The training signal for this complex behavior is surprisingly simple: the need to get the correct answer. This RL-based training enables the model to learn the "latent thinking" process.

Data Efficiency and Generalization: A crucial characteristic of reasoning models is their ability to learn from "another order of magnitude less data" compared to old LLMs. For instance, they learn complex mathematics from a "tiny" dataset relative to the internet. This reduced data requirement is a "huge change" and implies better generalization to unseen problems, as the models are learning underlying principles rather than just memorizing patterns. This directly addresses critiques against old LLMs, such as those by Richard Sutton, who argued that LLMs don't truly "reason" because they only imitate output. The interviewee counters that reasoning models *do* imitate the underlying actions and processes of thought.

Bottlenecks and Progress: The ultimate bottlenecks to AI progress are identified as "GPUs and energy." Despite ongoing efforts to secure massive compute resources (e.g., OpenAI's Stargate project, Nvidia partnership), the demand for GPUs far outstrips supply, limiting the number of parallel experiments and the scale of models that can be trained. However, the interviewee remains optimistic, dismissing concerns of an "AI winter" and predicting "sharp improvement in the next year or two." This progress will come from:

  • Continued scaling: Even the "old paradigm" of bigger models will still yield benefits when combined with reasoning.
  • Research in the new paradigm: The steep ascent of reasoning models, with much more research to be done on scaling them up and refining their methods.
  • AI accelerating AI: Reasoning models are already being used to generate "synthetic data" for training new models, which is proving more effective than traditional data. AI is also assisting researchers directly by accelerating coding and experiment scheduling, thereby reducing "technical drudgery."

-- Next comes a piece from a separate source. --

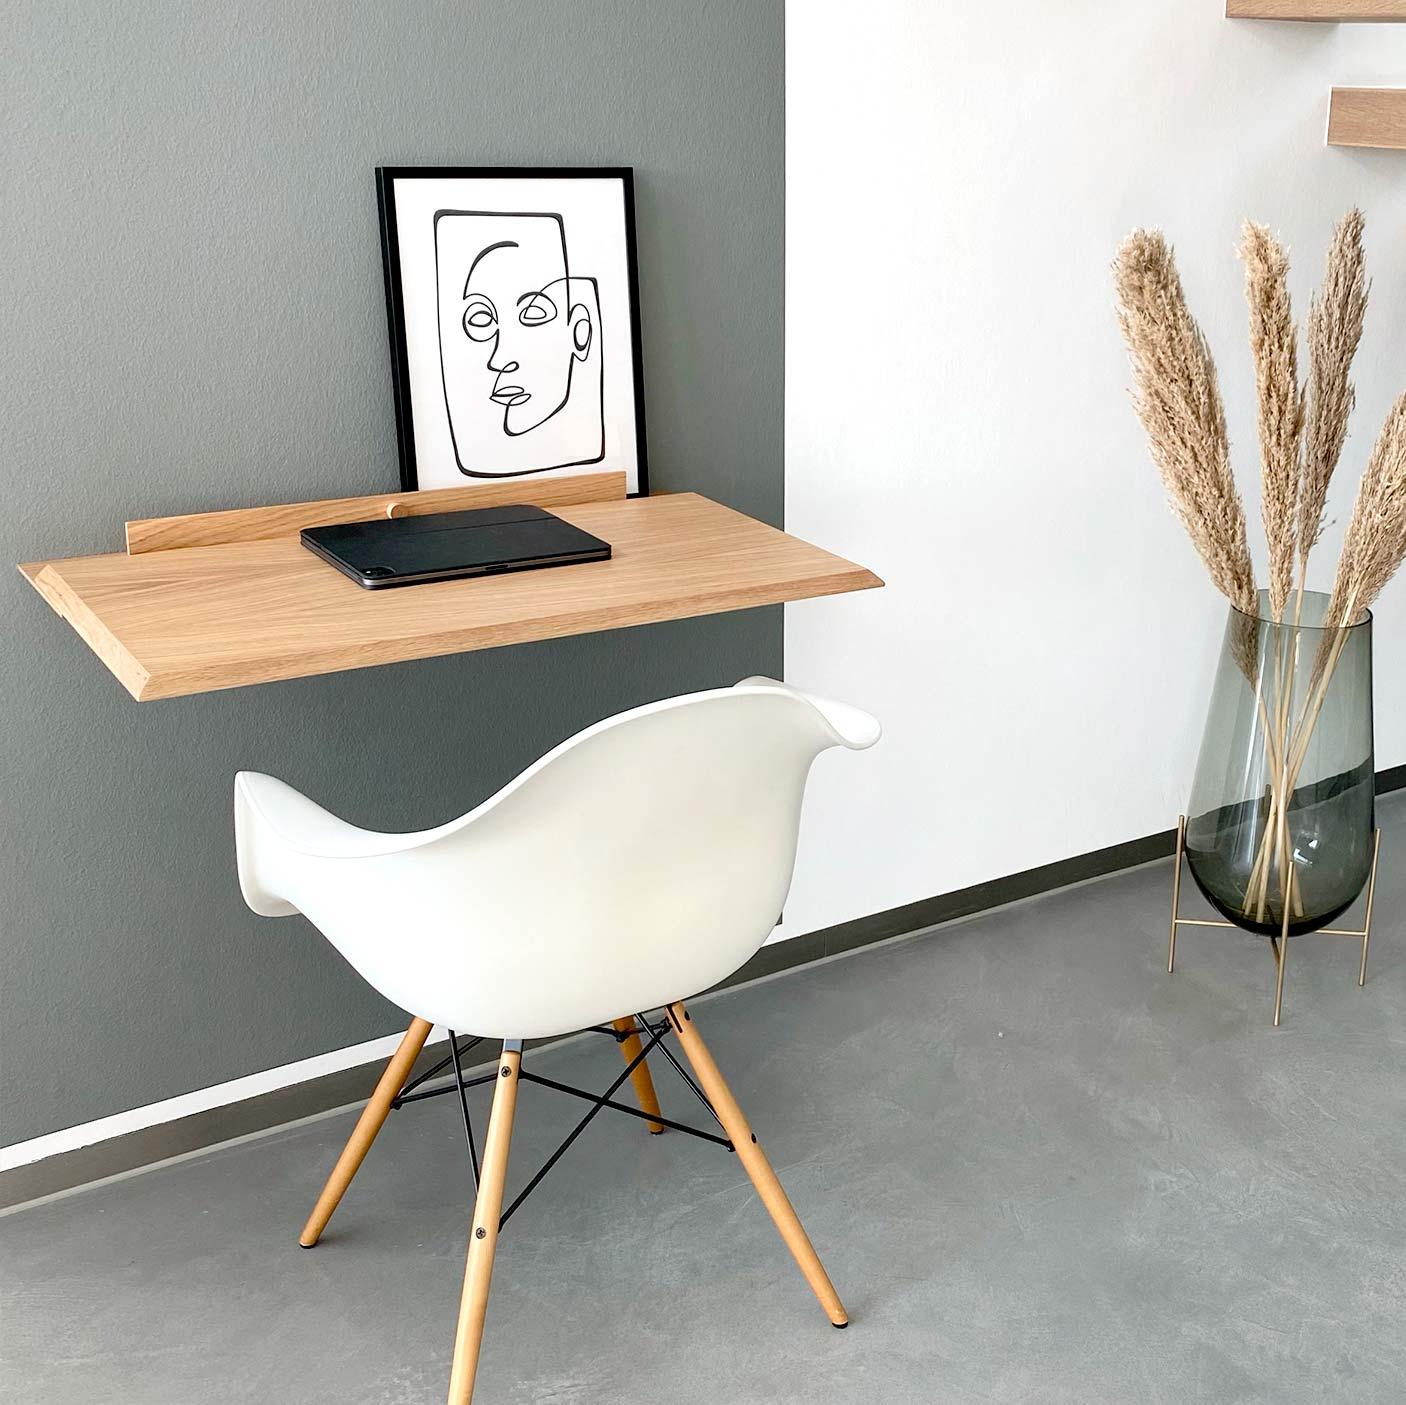 Inspired by the movement that birds draw on the sky when they move their wings up and down, Alada is a timeless and discreet folding desk that allows you take the most advantage of your space.

Thanks to its careful functional design, Alada

Creativity and Intelligence Explosion: The discussion touches upon whether AI can become truly creative and accelerate scientific discovery. The interviewee suggests that AI, particularly reasoning models with tool access (even human collaboration), can "speed up science" significantly. This is because a major bottleneck in science is not just generating ideas but executing and testing them. If models can automate much of the execution and experimental process, researchers can focus more on generating and refining ideas, leading to much more rapid progress. The concept of an "intelligence explosion" (singularity) is viewed more cautiously; while external observers might perceive rapid, explosive progress, the reality for researchers is a continuous series of "hard work" and incremental breakthroughs, where bottlenecks shift from one area to another (e.g., from programming to compute). The overall confidence stems from the historical trend of finding solutions to current challenges, often by building better software and tools, with AI itself playing an increasing role in this development.